Based on this, I granted the CNO the CCO right on the OU to see if that would fix my issue. I then tried to create Notepad again in the WSFC. This time, it worked as shown in Figure 8. Notepad was created properly in the cluster and its associated VCO was created in the W2012 Servers OU as shown in Figure 9.
Now that I know Notepad worked, I was going to try SQL Server. I was fairly confident I solved my issue by granting the CNO the proper rights on the OU. If it didn’t work, there was a problem with Setup itself that was probably trying to put it in the Computers OU and bypass whatever Windows behavior is. I was hoping this was not the case. Before installing SQL Server, I deleted Notepad (not from the node, just the WSFC). Fingers crossed, I reinstalled the Equinox FCI. Figures 10 and 11 tell the story.
Whether you are installing SQL Server 2008 R2 or SQL Server 2012 on a Windows Server 2012 node, as long as the permissions are right, the new VCO functionality of Windows Server 2012 works like a charm. No more Computers OU by default if Windows detects things elsewhere. Yay.
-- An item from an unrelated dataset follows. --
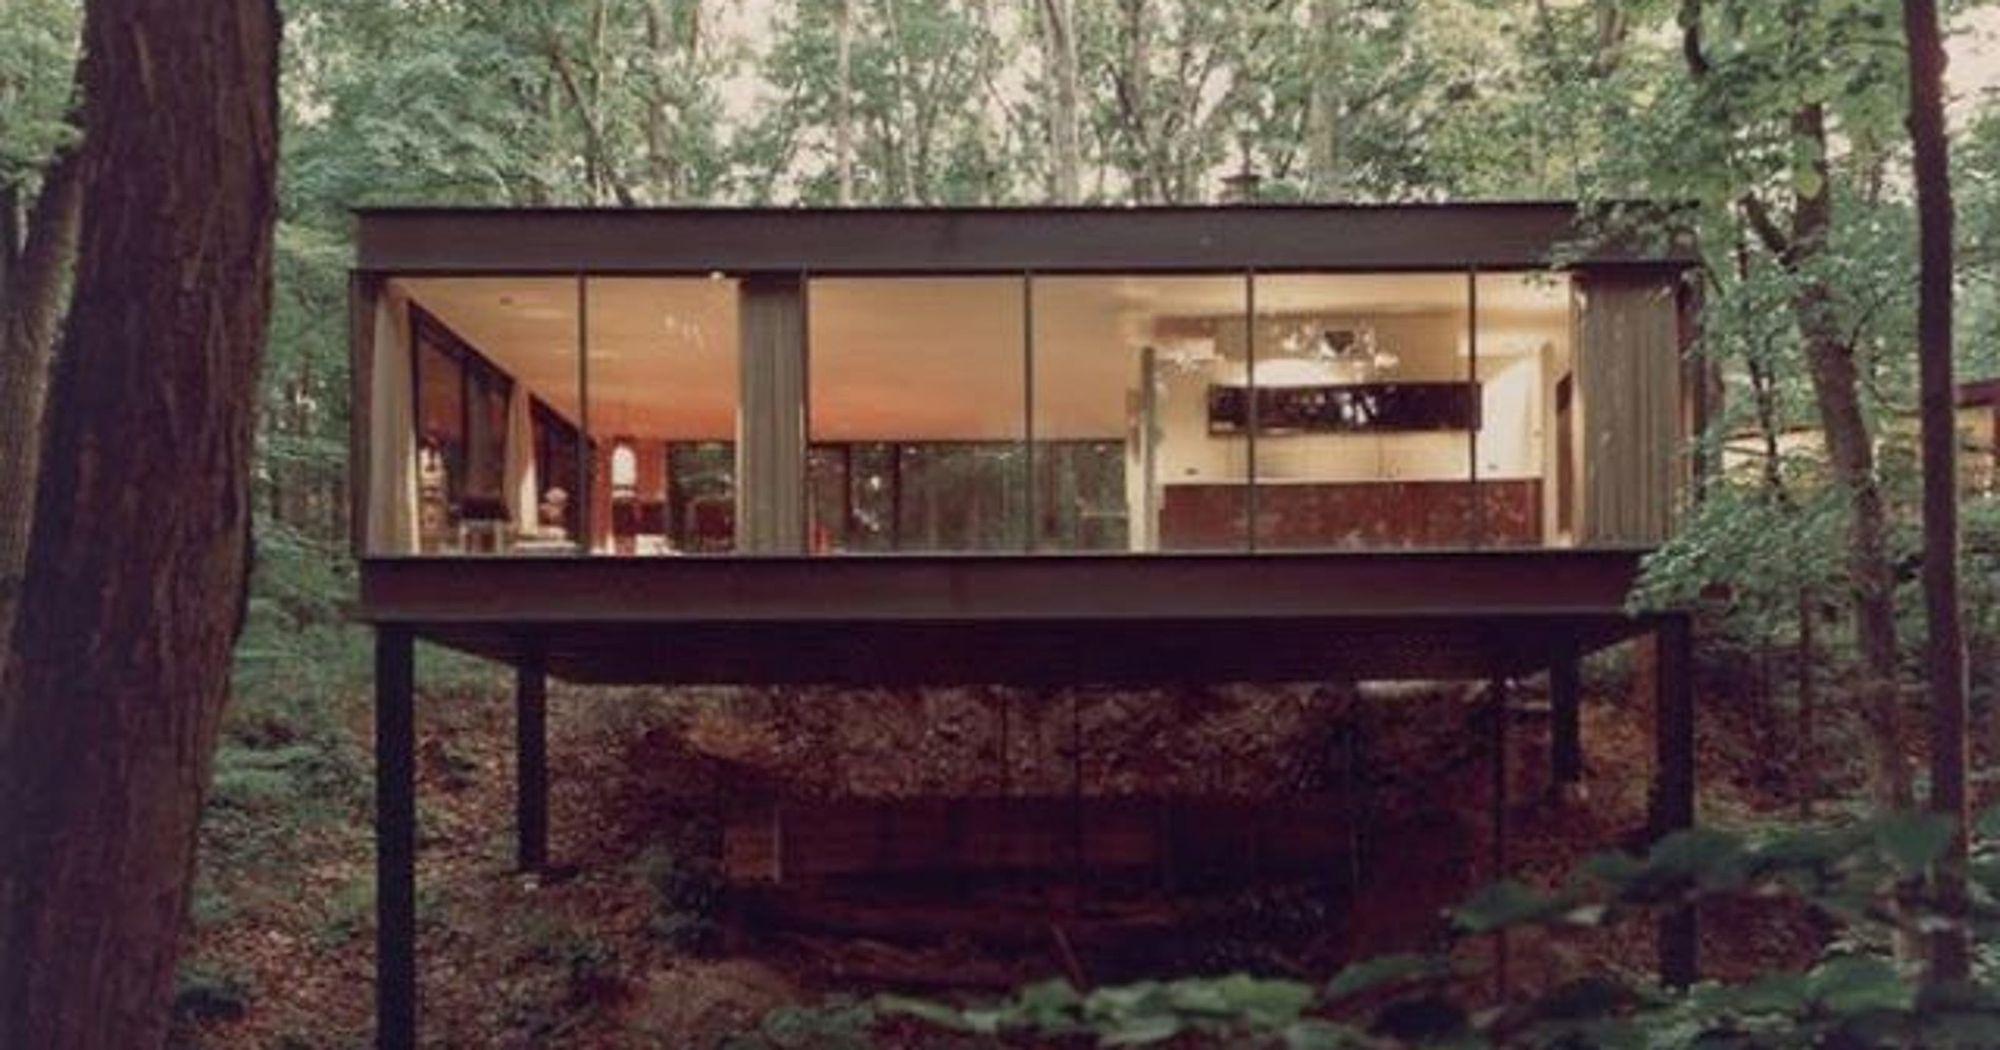 Dit huis is modern, maar al in 1952 gebouwd! De architect A. James Speyer was een student van Mies van der Rohe, wat duidelijk te zien is in het minimalistische ontwerp.

So how does this new VCO behavior work with a non-Windows Server 2012 DC? Stay tuned for a future installment of this series.
Before I wrap up this post, I wanted to point out something else I observed. After creating the FCI, FCM was showing the following in Figure 12.
Name resolution not yet available? What? This is something I had never seen before that did go away. I’m going to do some digging into this, but what I am assuming is that DNS had not been propagated so while the object was in AD, something still wasn’t resolving. This was non fatal because it went away, but I found it interesting nonetheless.
That’s it for today, kids. Class dismissed!